Brinkman told the forum's audience that his lawsuit is about preventing Miami from creating something that looks like gay marriage, which is illegal. He noted that Miami doesn't offer the same benefits to unmarried, opposite-sex partners.

"You've either got to give it to everybody or don't give it to any of them," Brinkman said. "All we're asking is that Miami University follow the law."

As a father of two Miami students and a taxpayer, Brinkman has said he doesn't want his tuition and tax money going to support the policy.

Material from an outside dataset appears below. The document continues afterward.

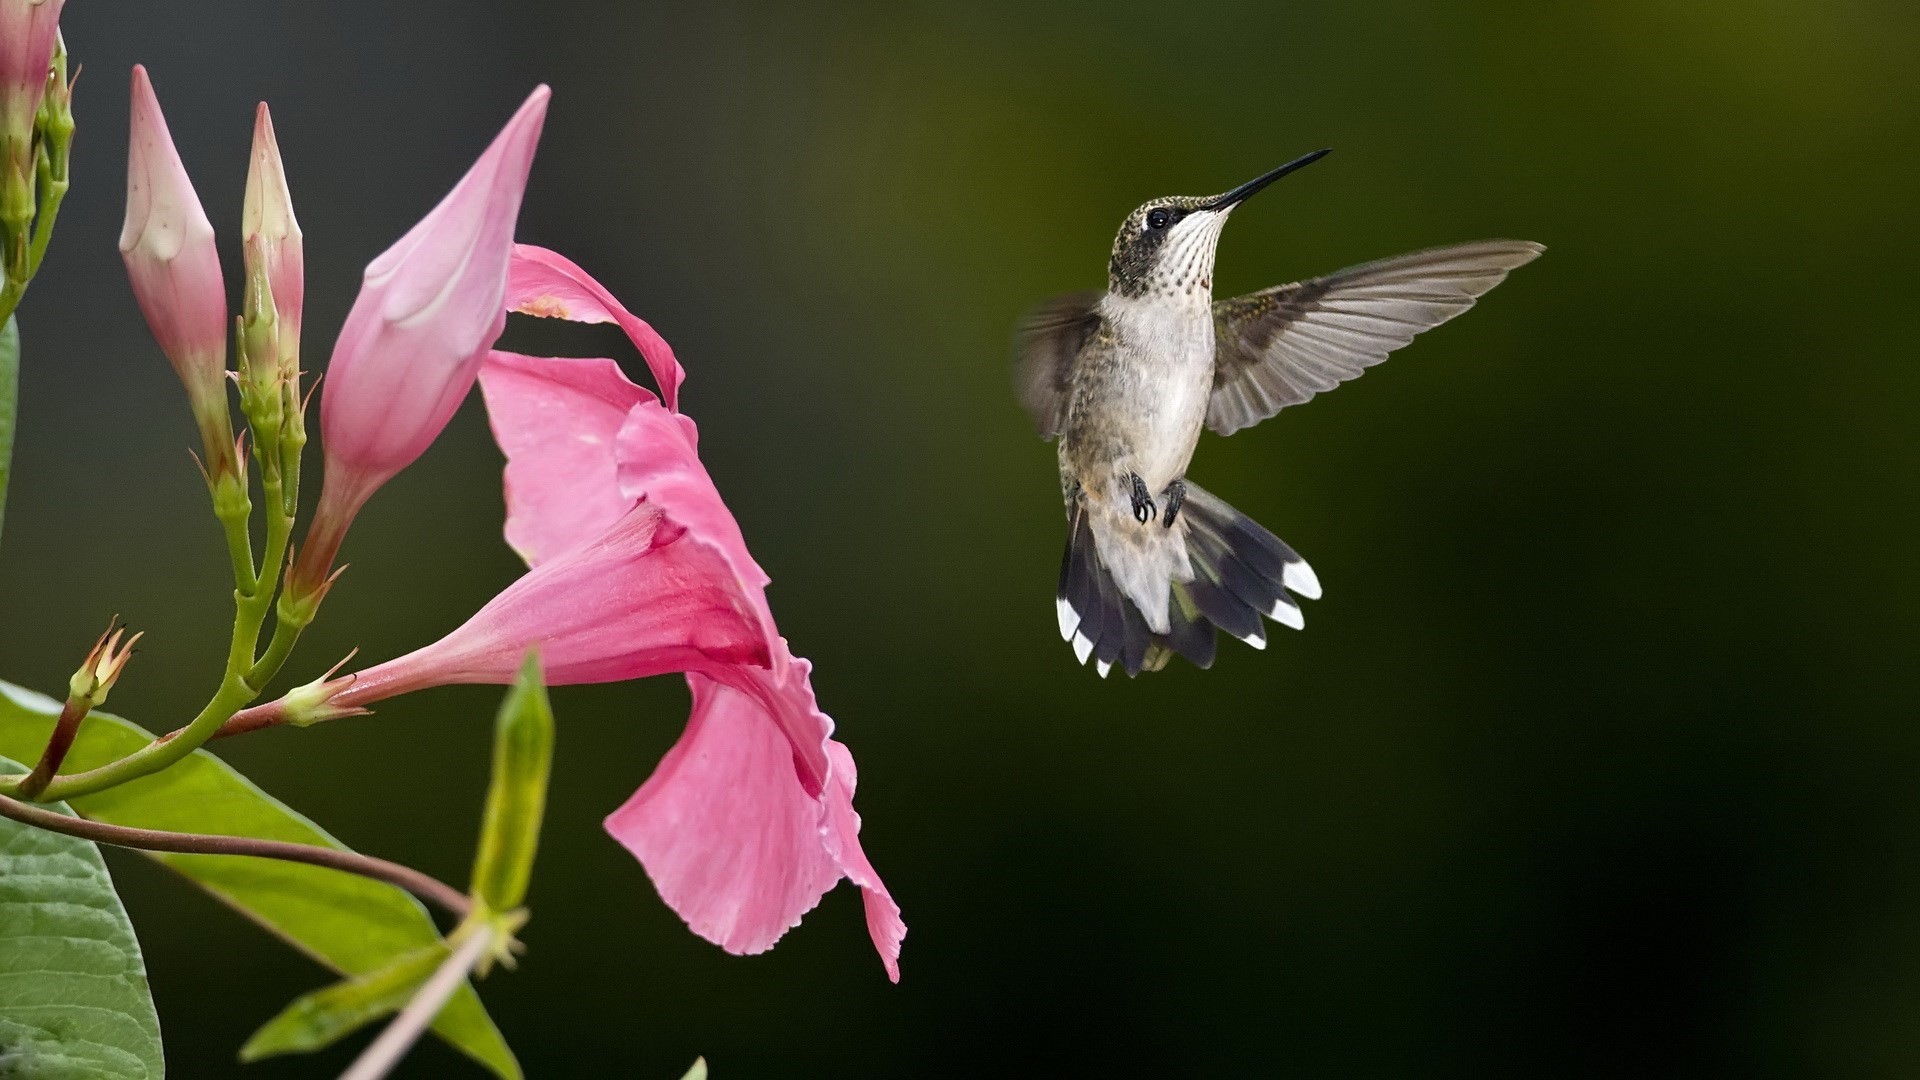 Hummingbird wallpaper photo hd
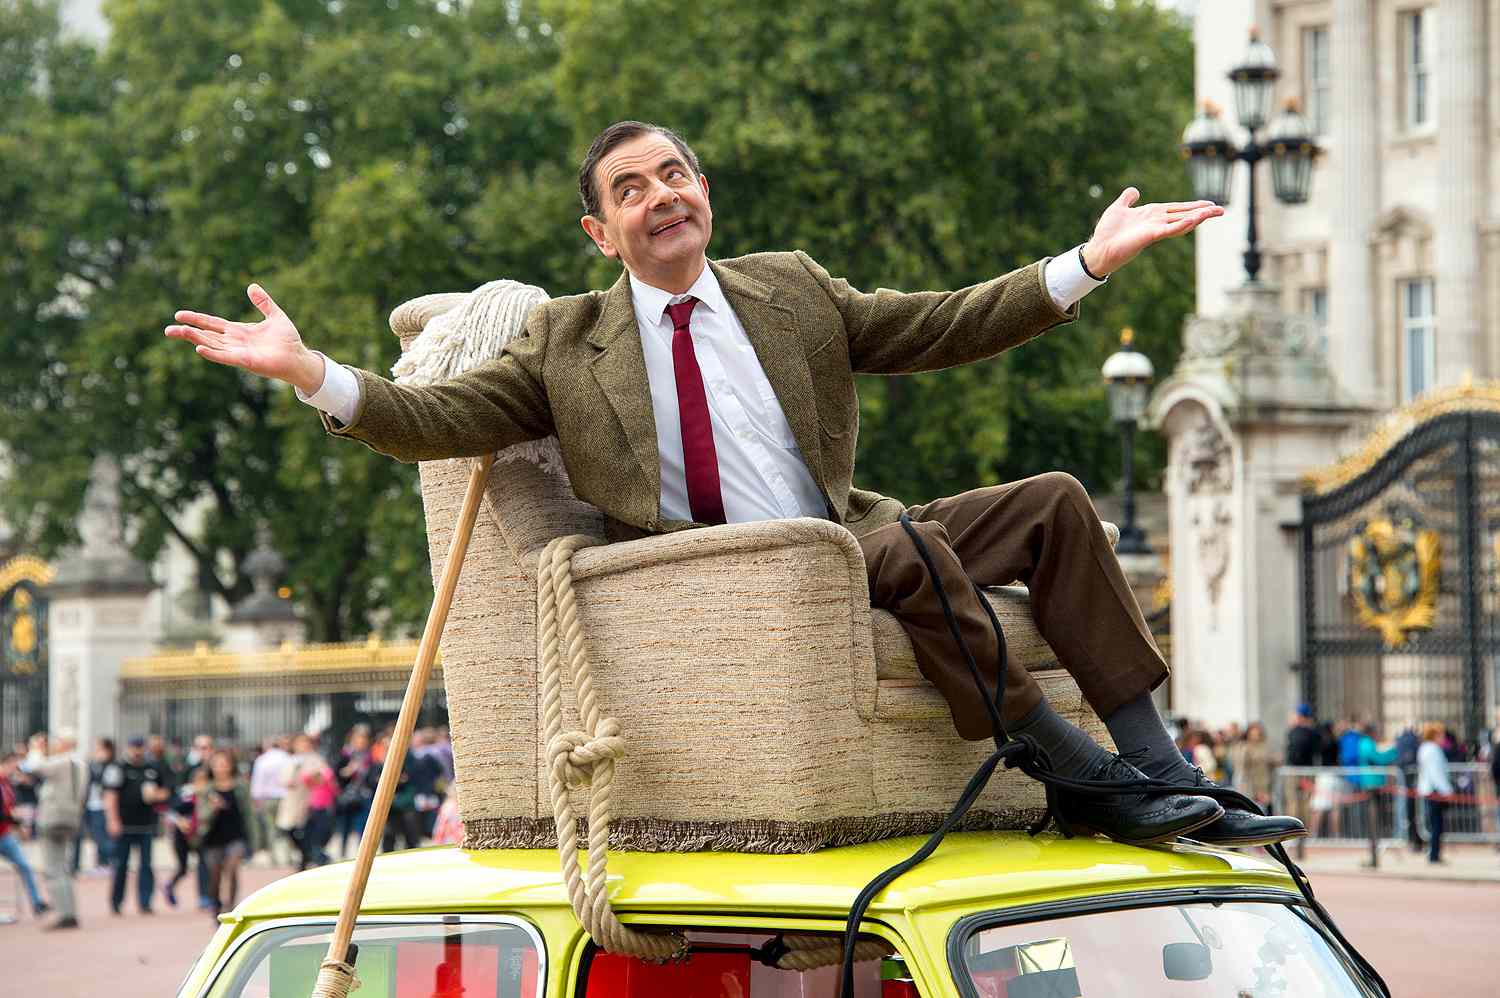 Mr Bean 25th anniversary celebrated outside Buckingham Palace

Brinkman is represented in the lawsuit by Cincinnati attorney David Langdon, who wrote the gay marriage amendment language. He's also being represented by the Arizona-based Christian legal group Alliance Defense Fund.

In December, the university asked that the suit be dismissed, calling Brinkman's interpretation of the state Constitution "erroneous."

Miami began offering same-sex benefits in July 2004, four months before voters approved the amendment. The policy gave same-sex domestic partners of faculty and staff access to health and dental insurance, tuition remission and ticket discounts.

About 30 people took advantage of the benefits, a university spokesman said, at a cost of about $100,000. Overall, the school pays $50 million in annual benefits for faculty and staff.